Sorry this isn't a proper changes-by-source listing. Any suggestions for how I
collate the 'cvs log' output into something more concise? The below text is
simply a list of changes, but more complete than in the NEWS file.

* ZTR spec updated to v1.2. The chebyshev predictor has been rewritten in
  integer format. The old chebyshev still has a format type allocated to it
  (73), but the new ICHEB format (74) is now the default. The old floating
  point method was potentially unstable (eg when running on non IEEE fp
  systems). The new method also seems to save a bit more space.

* The docs and code disagreed for CNF4 storage. Changed the docs to reflect
  the code (which does as intended).

* ZTR speed increase. Follow1 is substantially faster, increasing write
  times by about 10%.

* New named formats types. ZTR1, ZTR2 and ZTR3. ZTR defaults to ZTR2, but we
  can explicitly ask for another compression level if desired. Also explicit
  statement of format (TT_ZTR instead of TT_ANY) removes the need for
  a rewind() call and so ZTR can now work through a pipe.

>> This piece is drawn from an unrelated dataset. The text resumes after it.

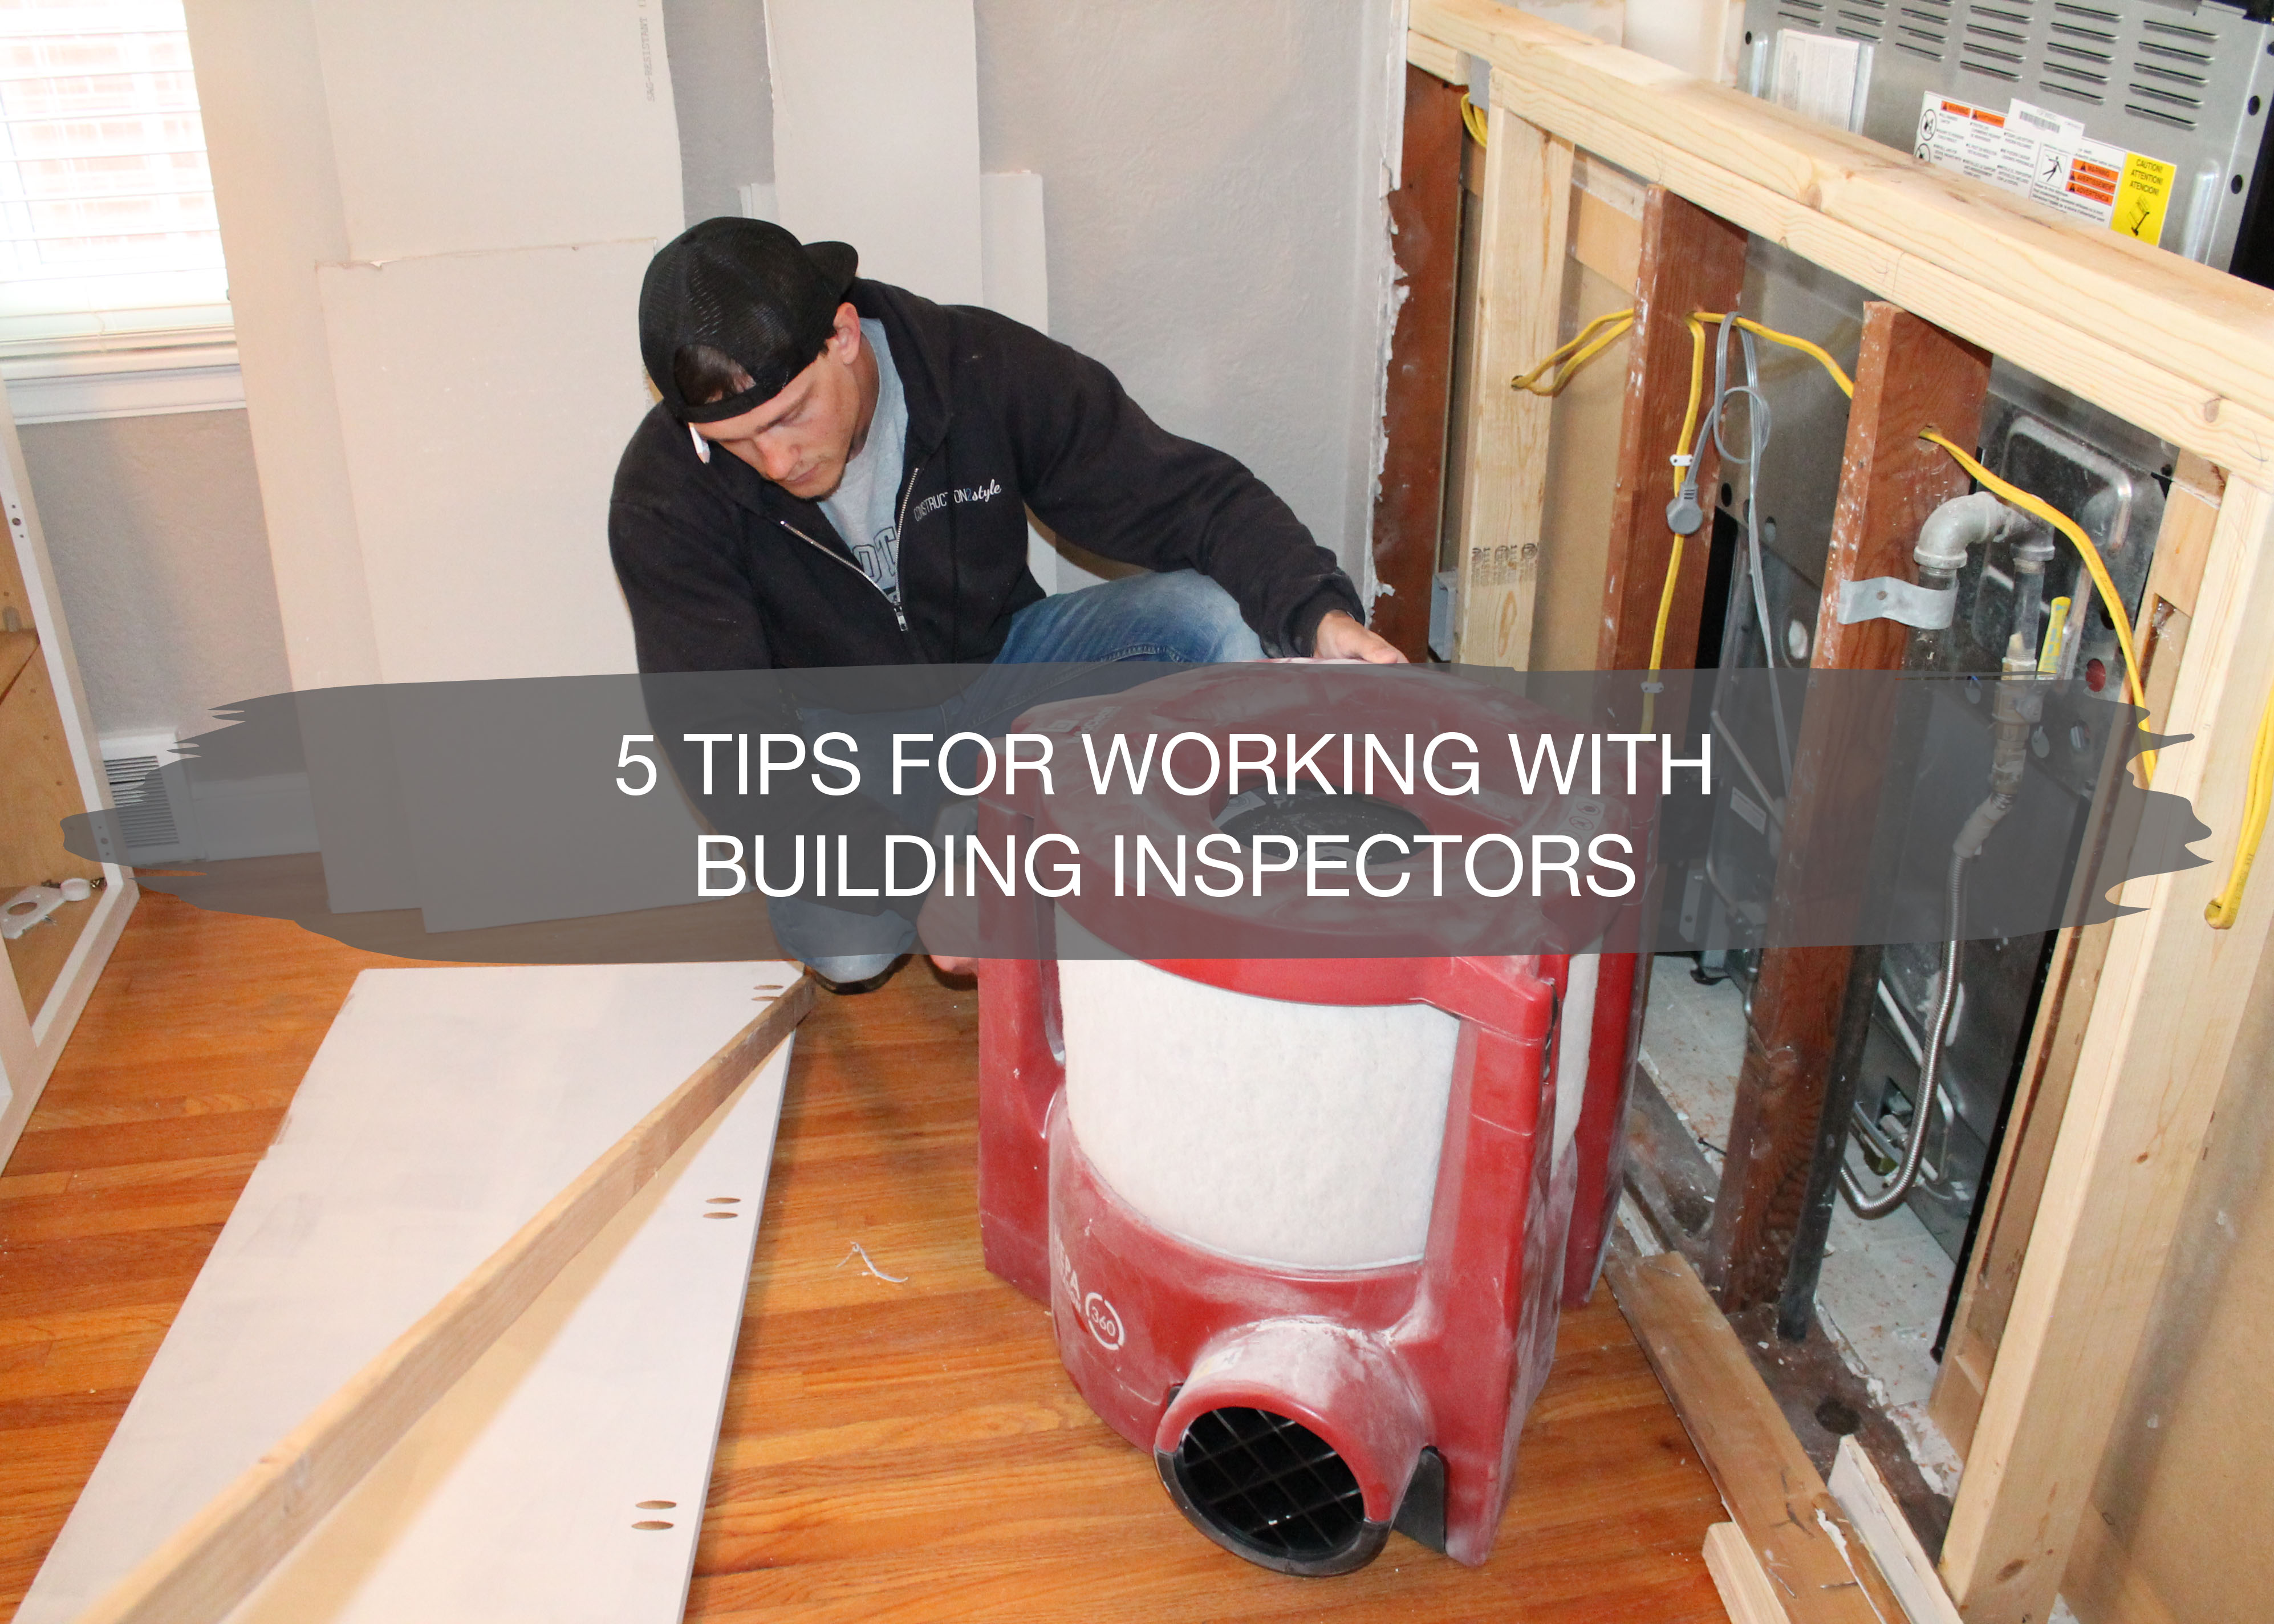 5 Tips for Working with Building Inspectors | construction2style
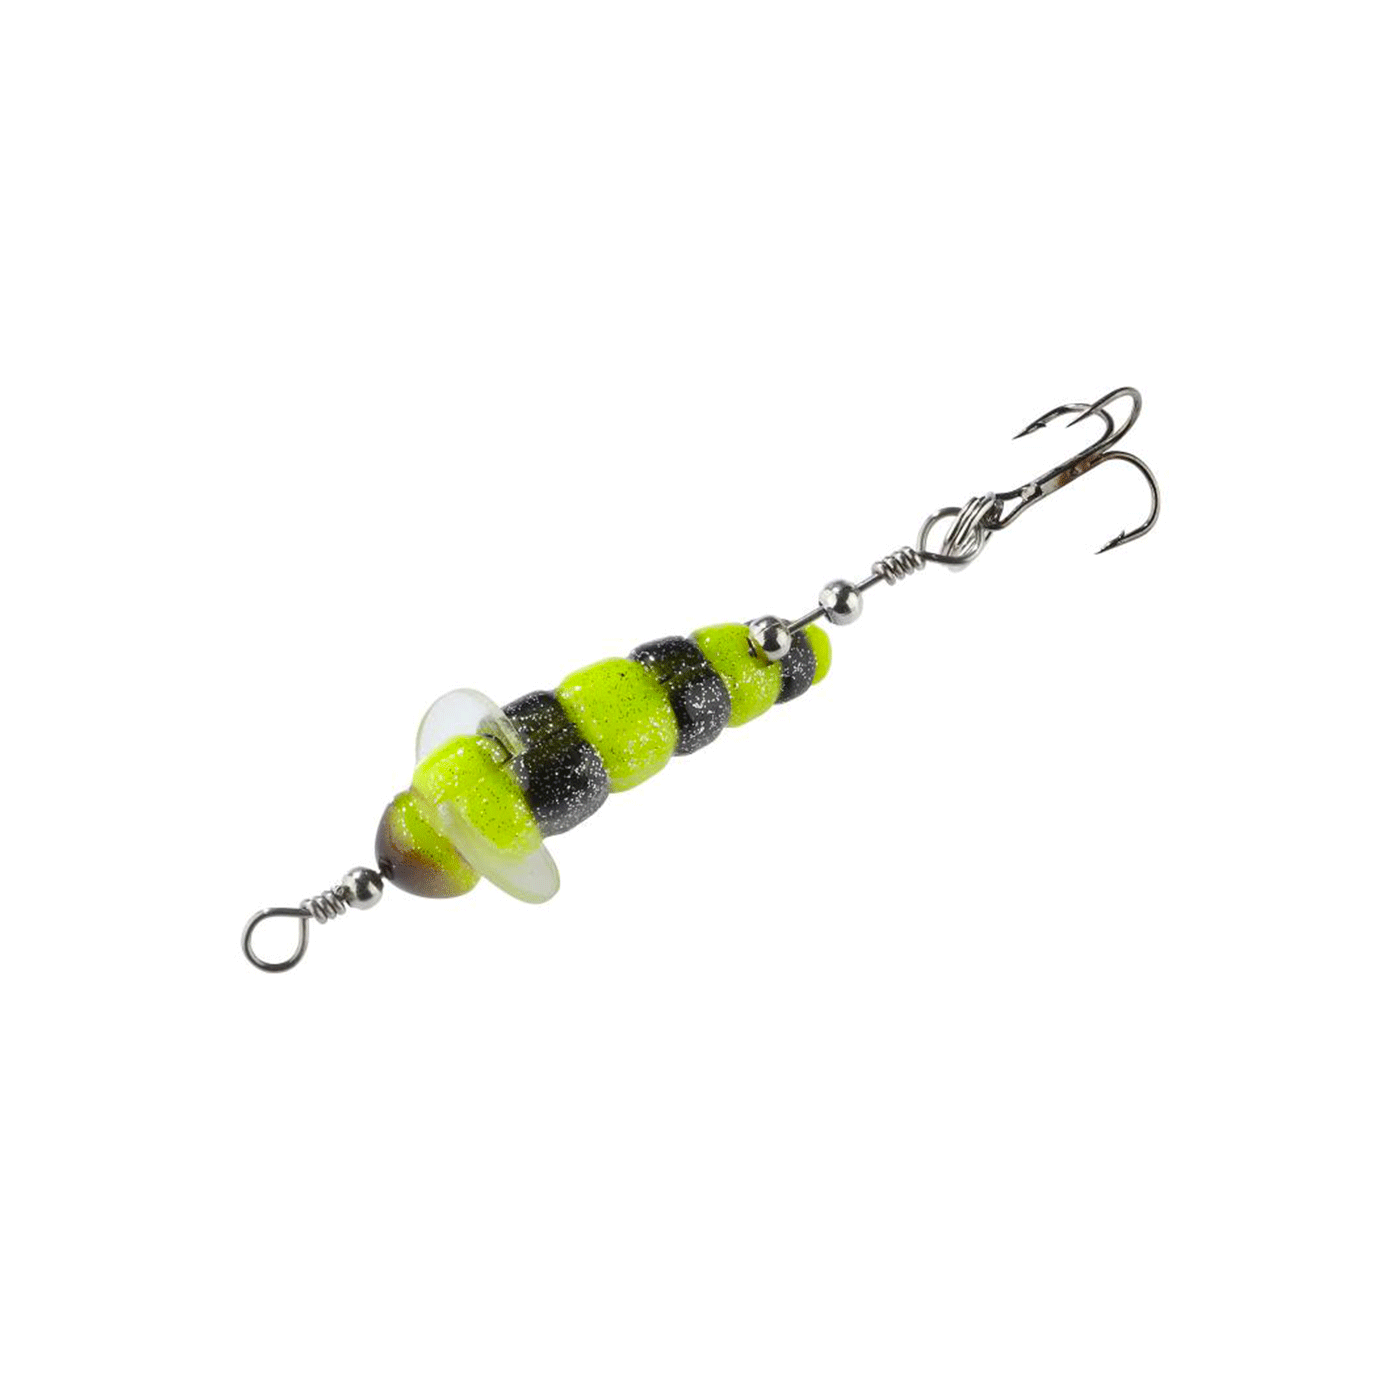 BALZER - TROUT ATTACK KILLER MADE SINKED 2.5g 4cm Yellow Black

* General tidy up to remove a few compilation warnings (missing include files,
  signed vs unsigned issues, etc).

* Initial support is included for BioLIMS integration, but this is not
  complete. (Unfortunately it requires access to a non-public library.)

* New function compress_str2int - opposite of existing compress_int2str.

* (Steven Leonard). Uses zlib for gzip compression and decompression.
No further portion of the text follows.